Once the images are set aside, output the listing exactly as it stands.

----- DATASET EXTRACT

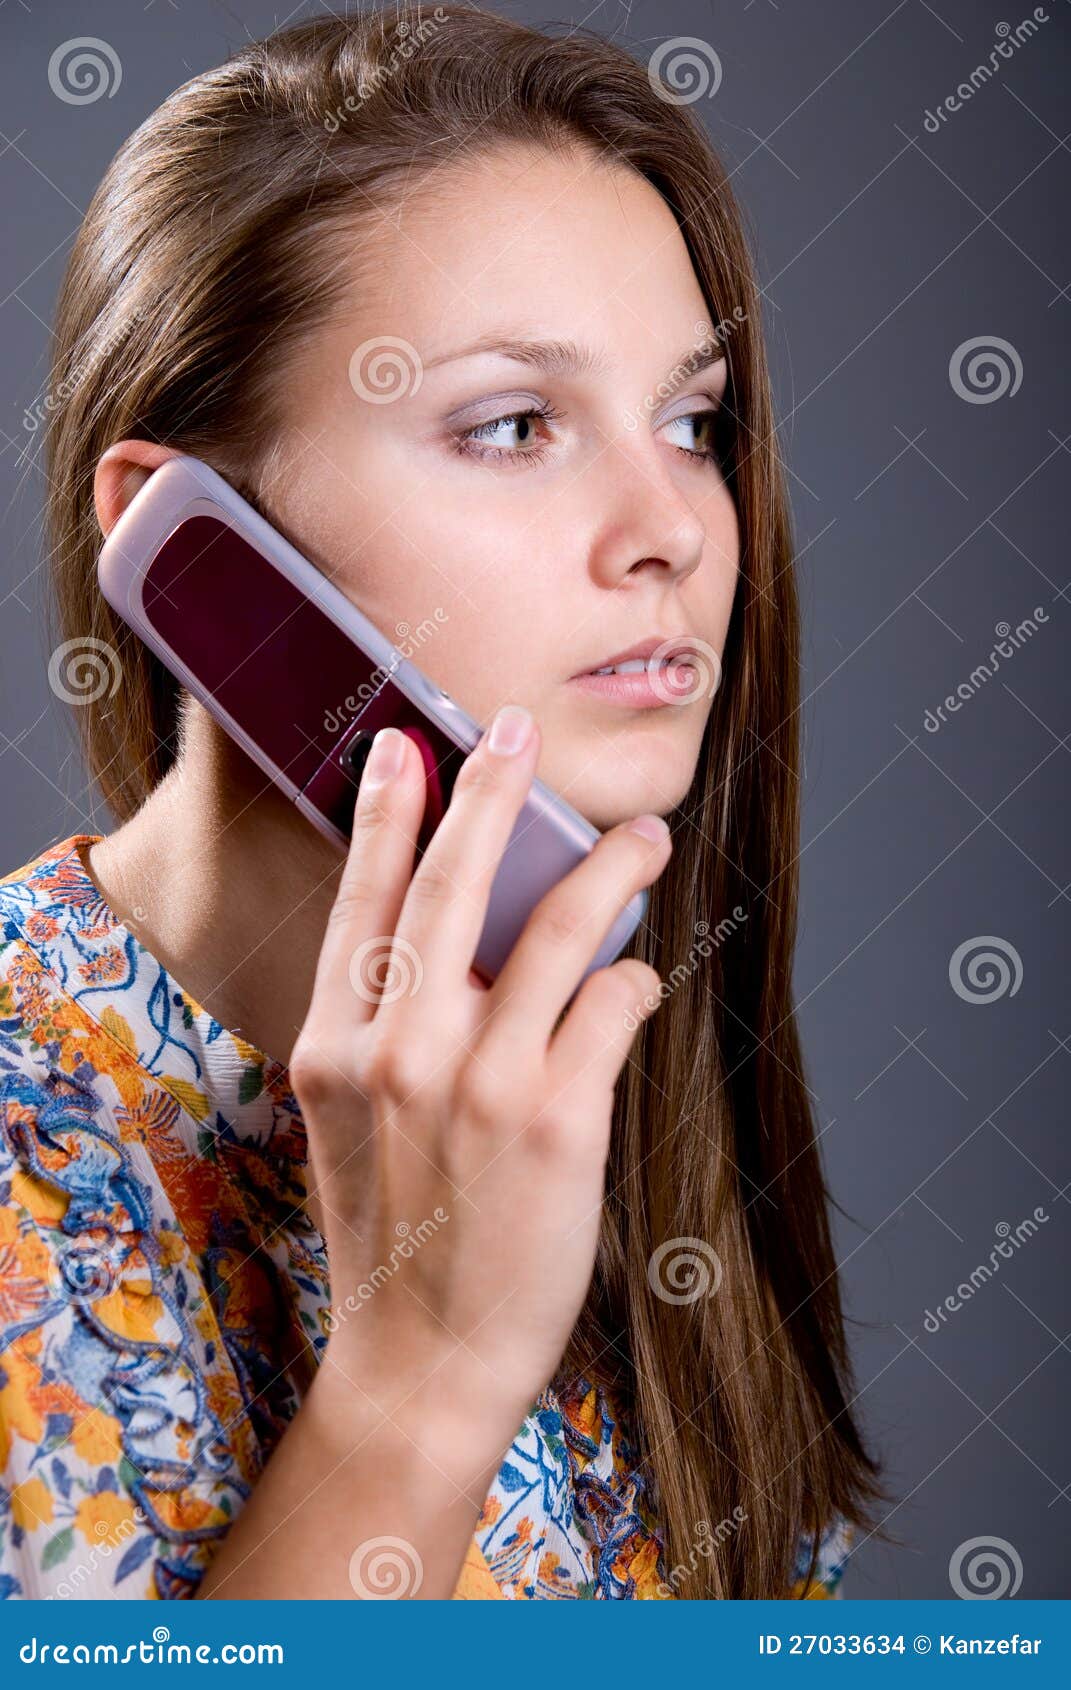 Контроль телефона жены. Девушка с телефоном. Фото с телефона девушки. Девушка с мобильным телефоном. Девушка говорит.
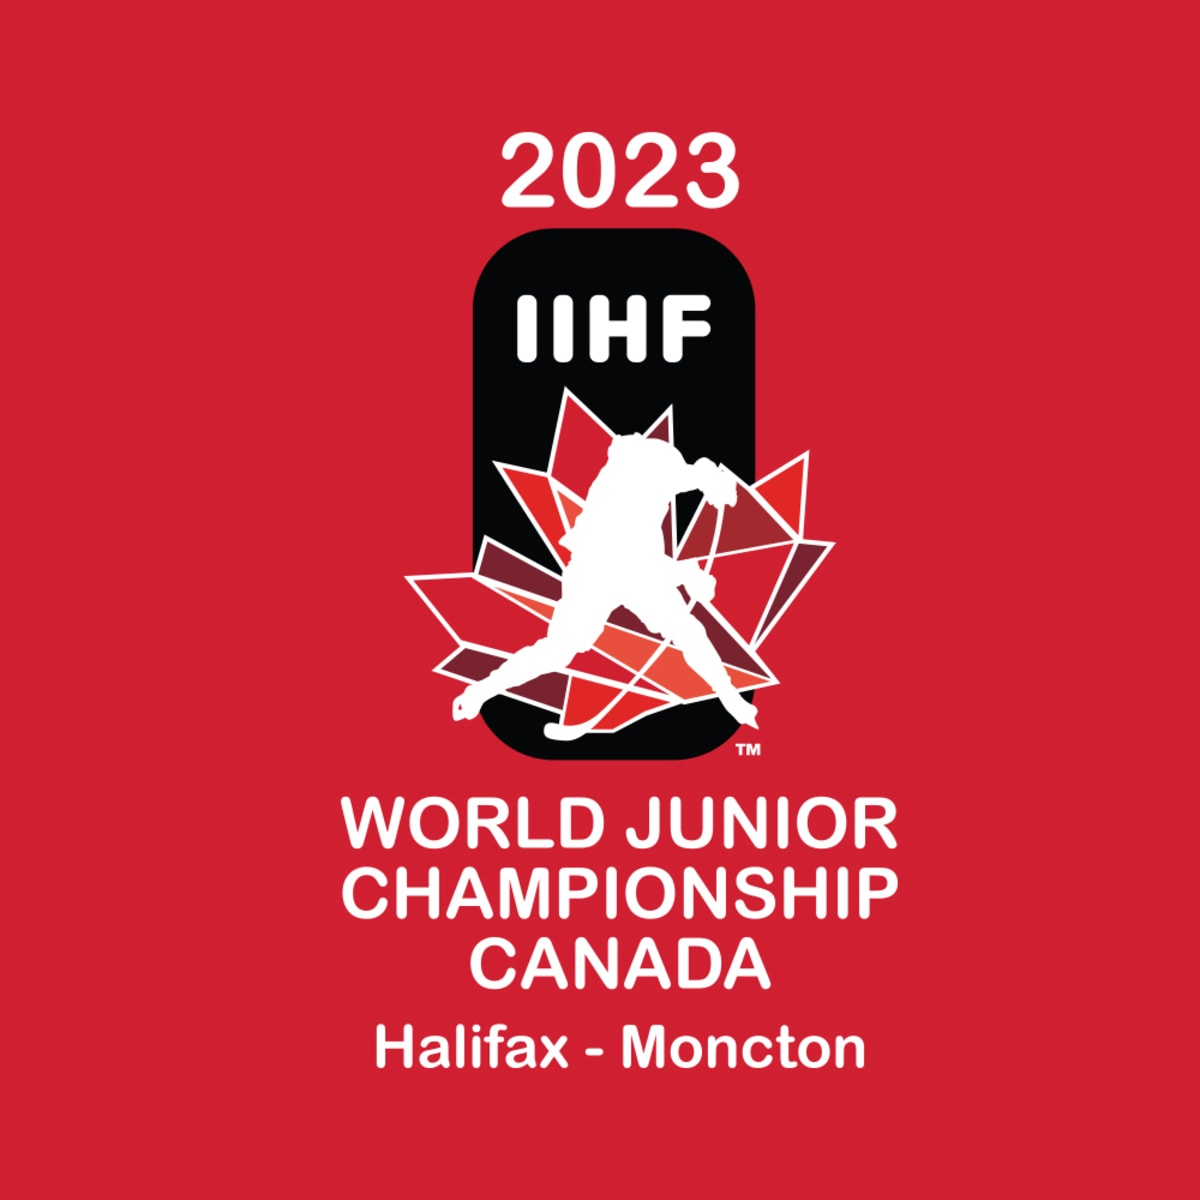 2021 IIHF World Junior Championship
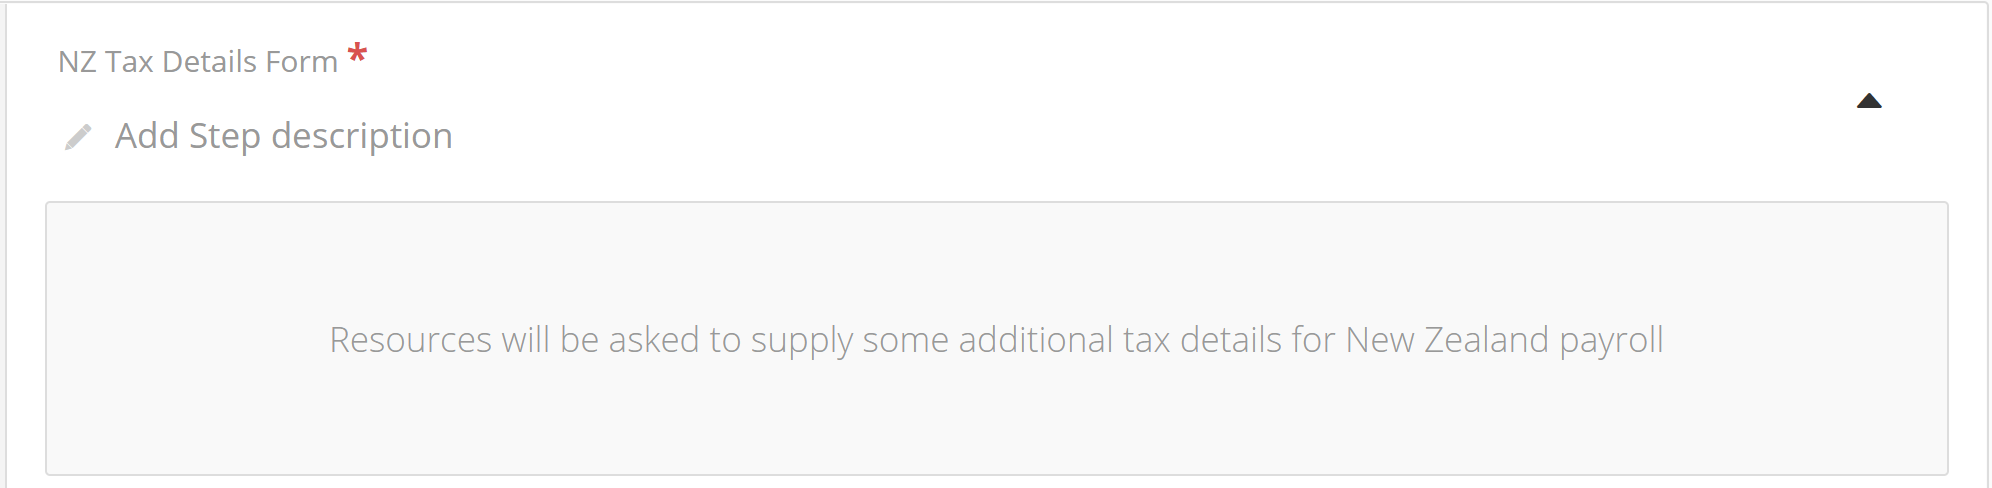 NZ_Tax_Details.png

----------

— TASK SOLUTION —
 Контроль телефона жены. Девушка с телефоном. Фото с телефона девушки. Девушка с мобильным телефоном. Девушка говорит.
 2021 IIHF World Junior Championship
 NZ_Tax_Details.png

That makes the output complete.